Give the data again exactly as written, without any of its pictures.
(Given data begins)
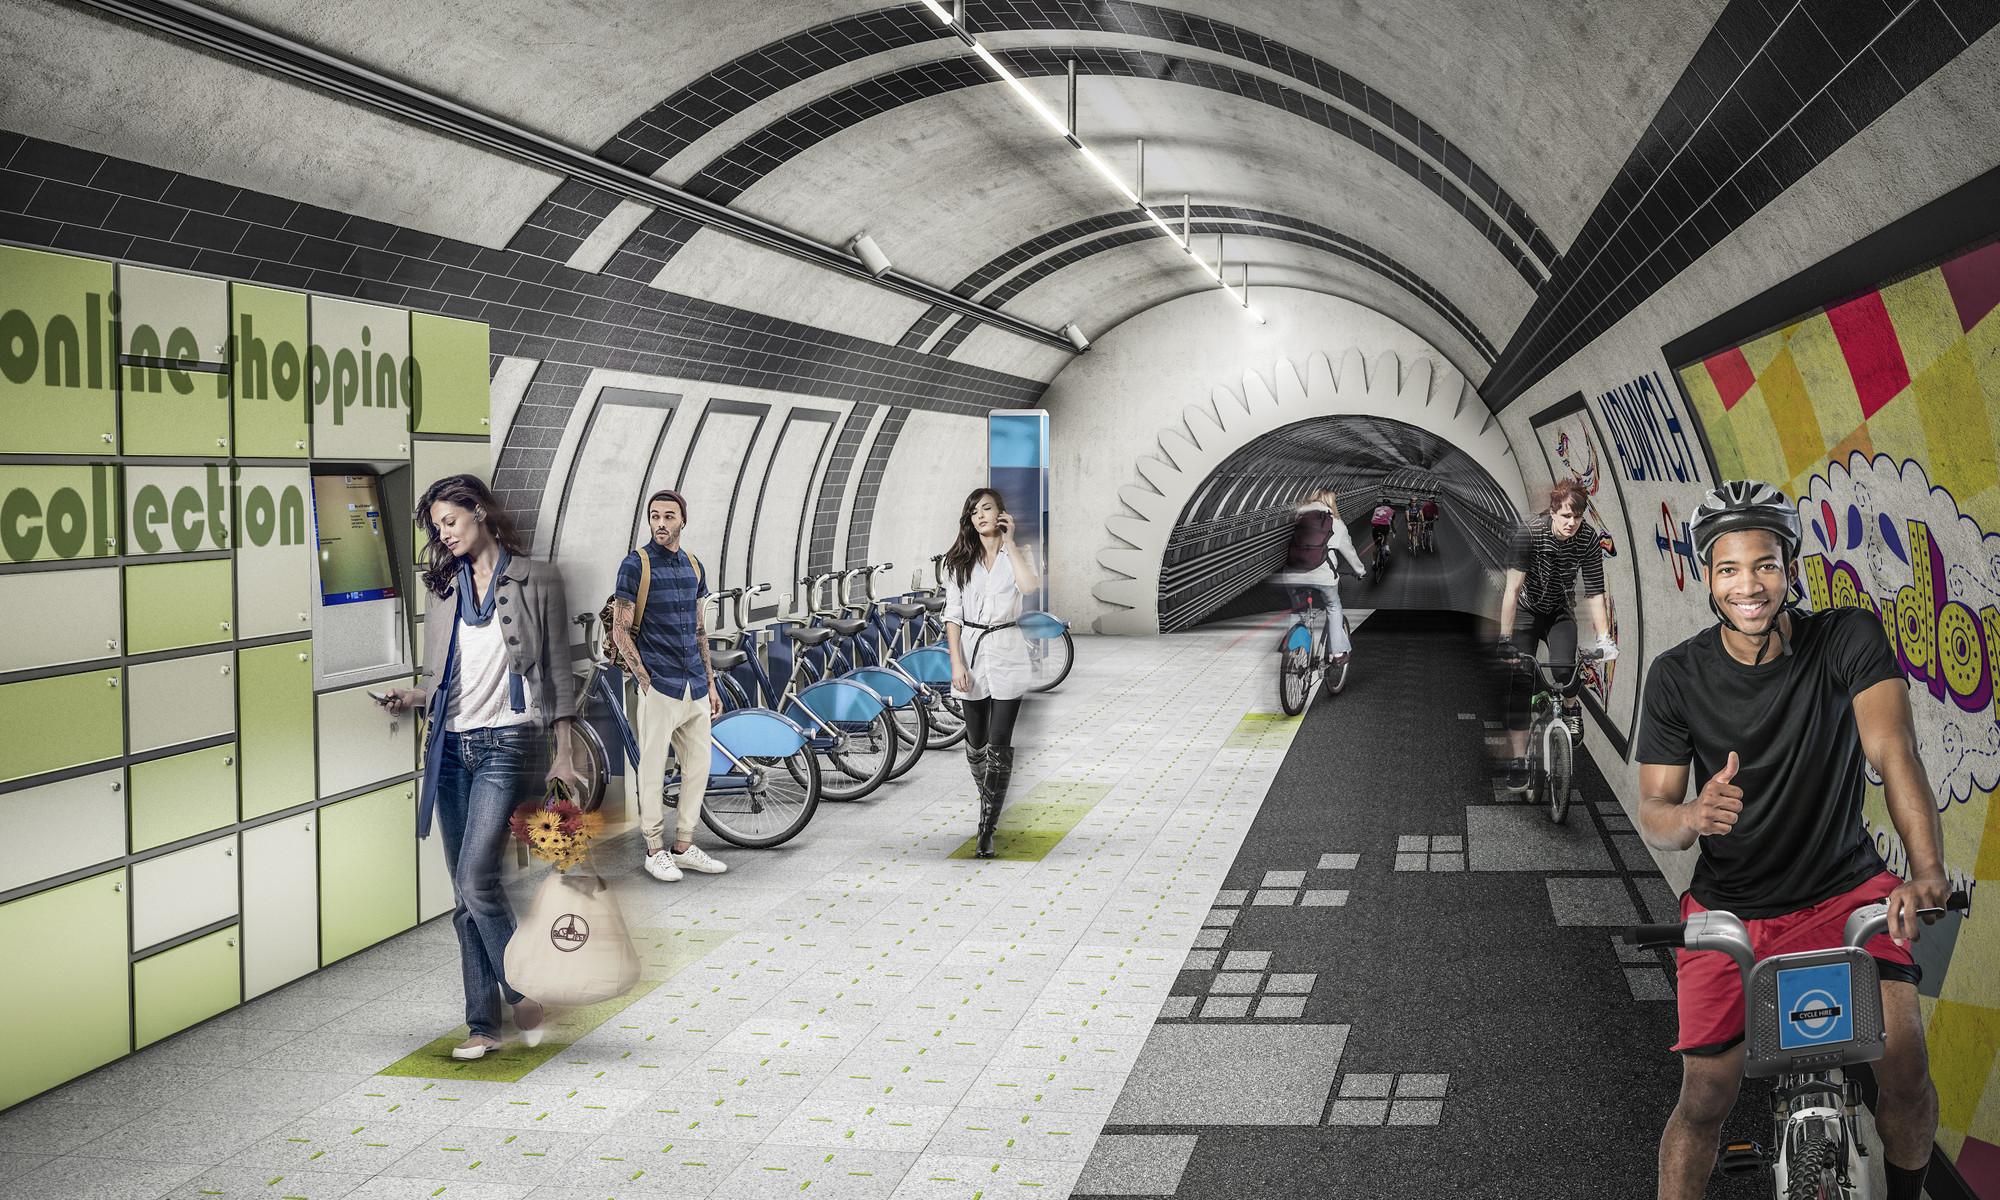 London Underline: Gensler propõe rede de transporte subterrâneo para pedestres e ciclistas em Londres, Túnel de bicicletas. Cortesia de Gensler
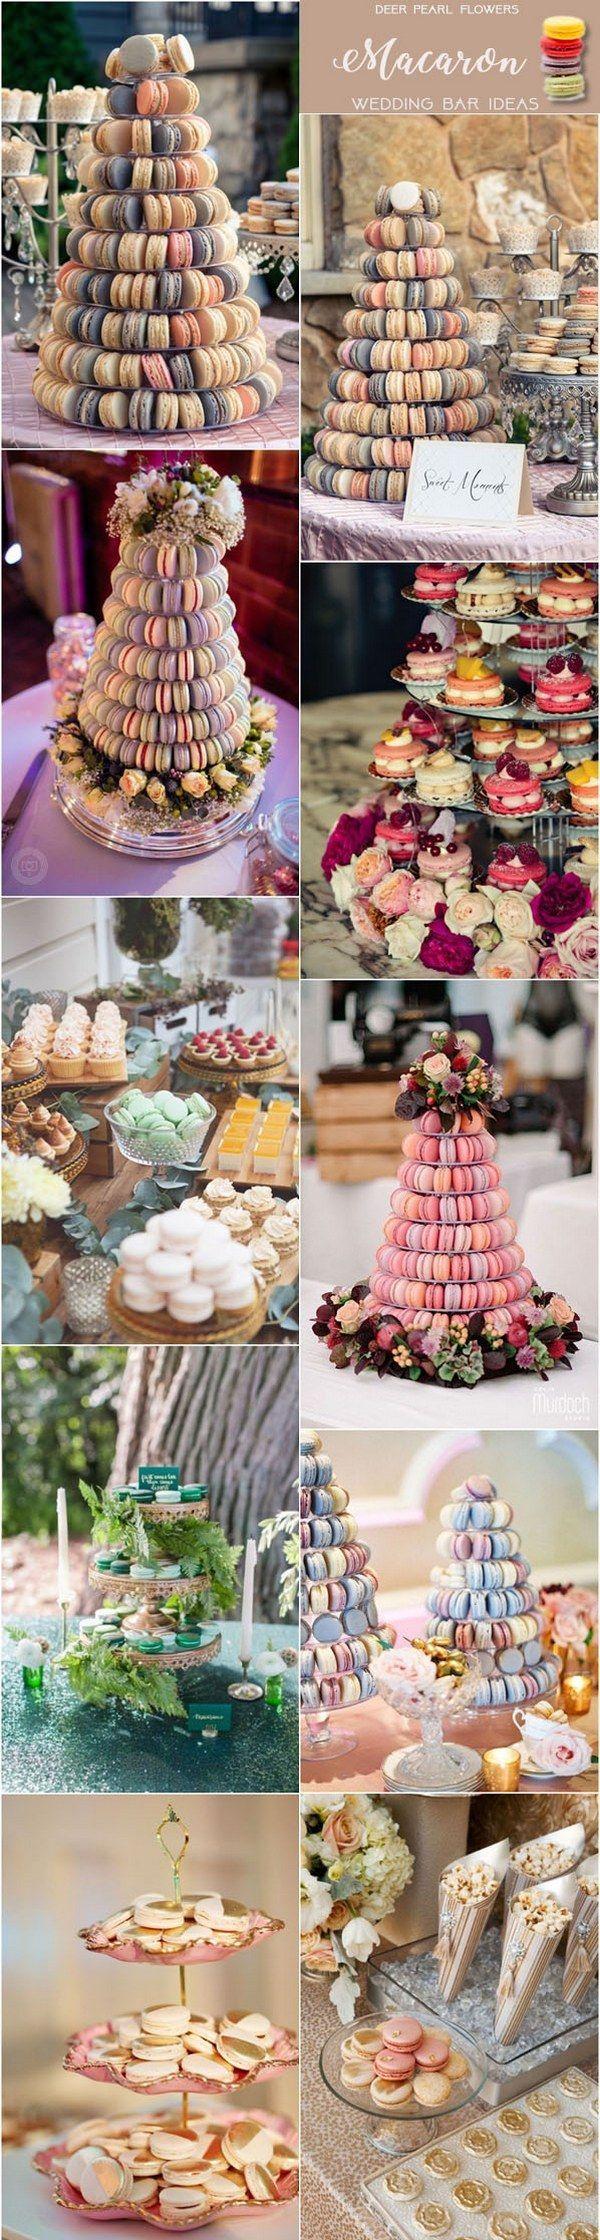 Wedding decorations for hall january 2019  best Wedding Reception Ideas images on Pinterest  Wedding ideas
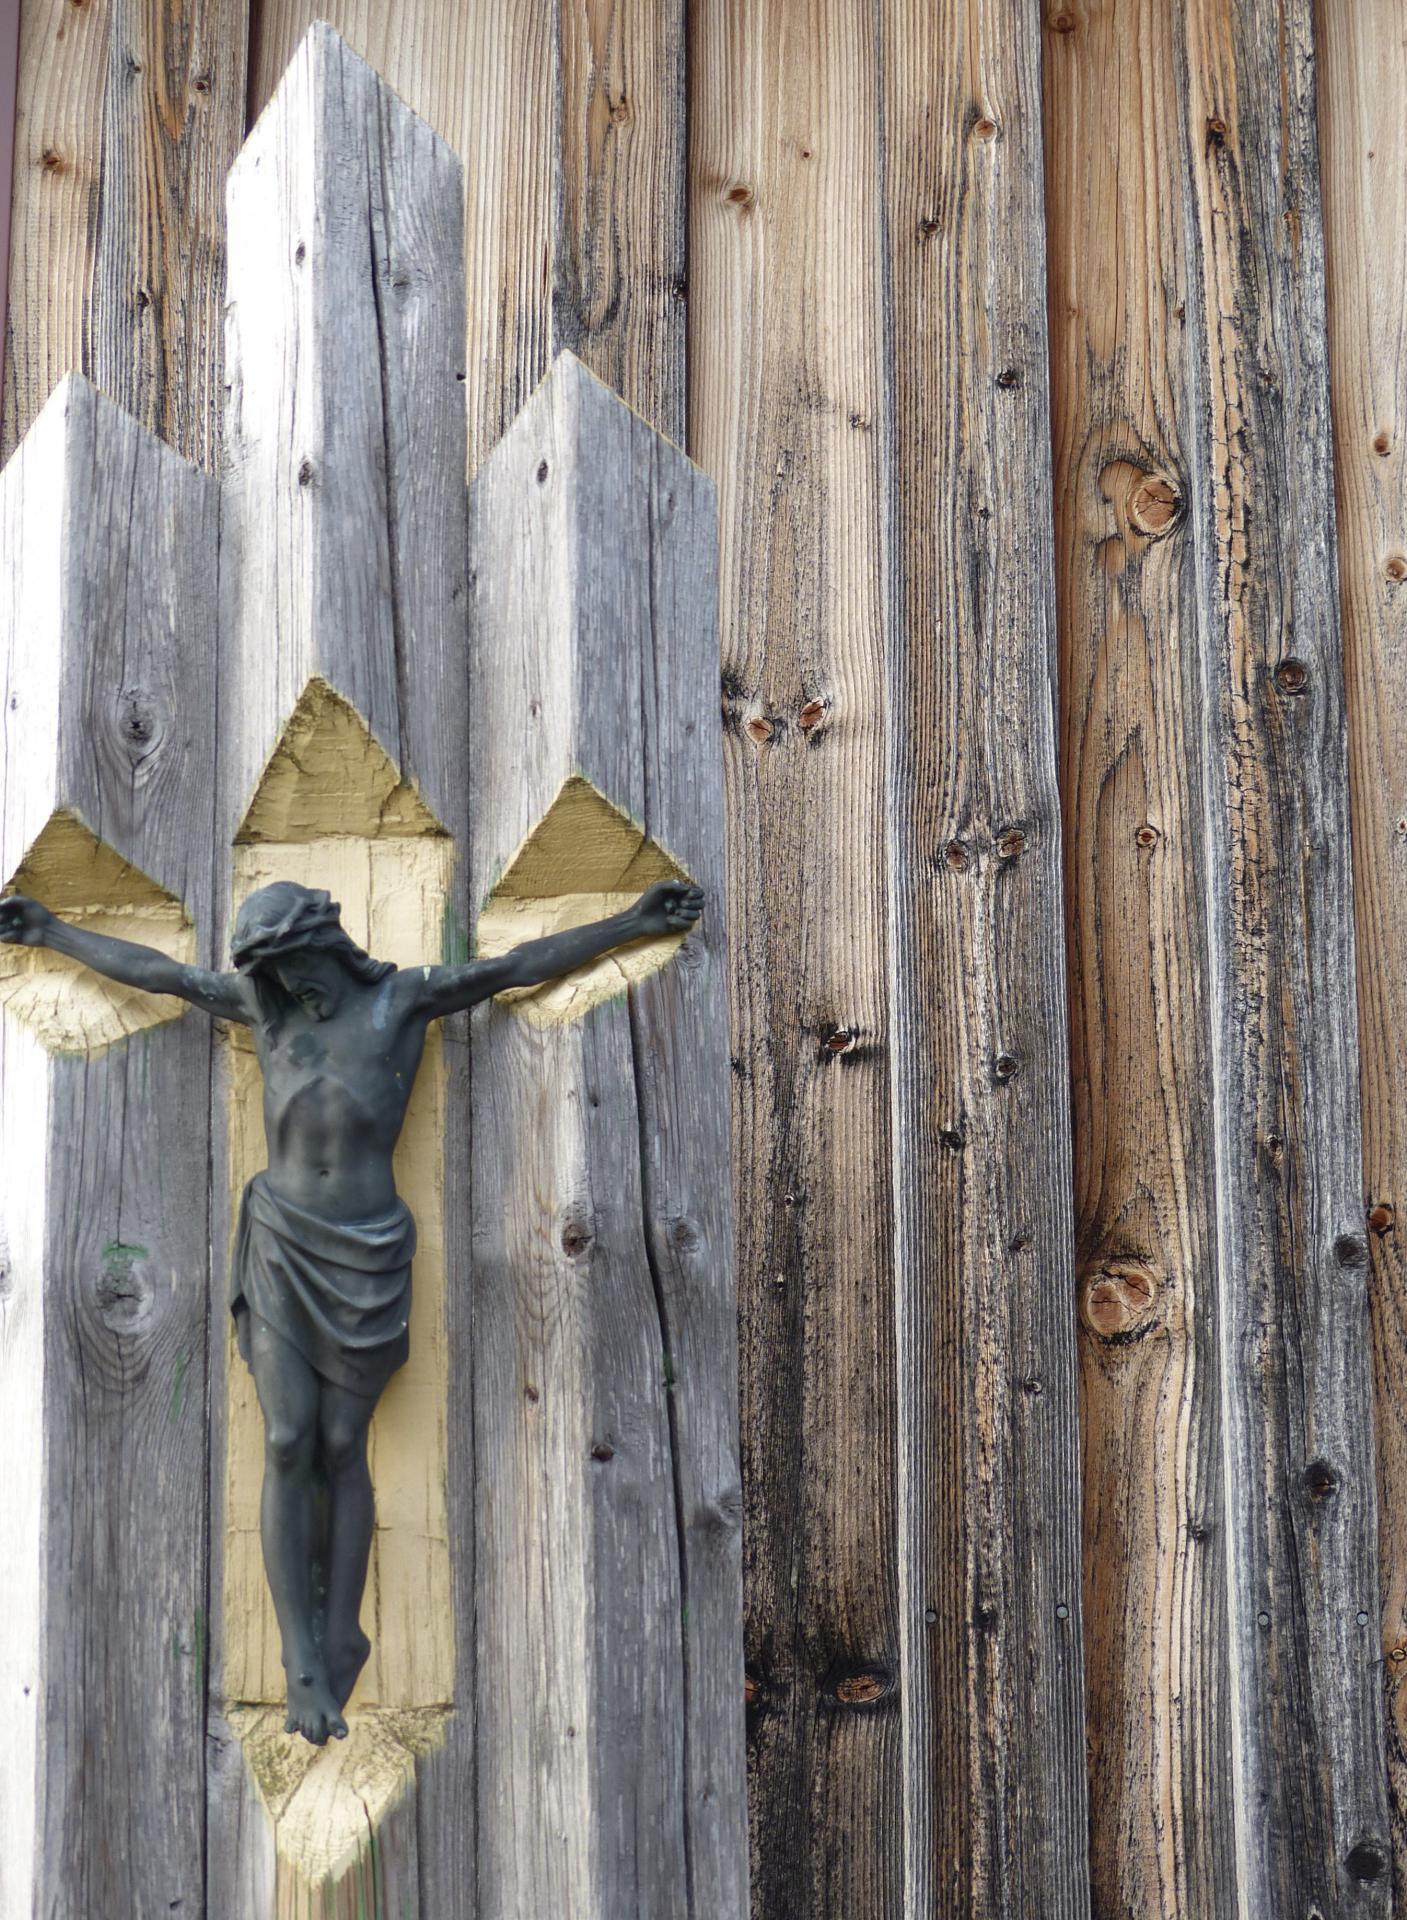 Kreuz im Holz
(Given data ends)
Task solution
 London Underline: Gensler propõe rede de transporte subterrâneo para pedestres e ciclistas em Londres, Túnel de bicicletas. Cortesia de Gensler
 Wedding decorations for hall january 2019  best Wedding Reception Ideas images on Pinterest  Wedding ideas
 Kreuz im Holz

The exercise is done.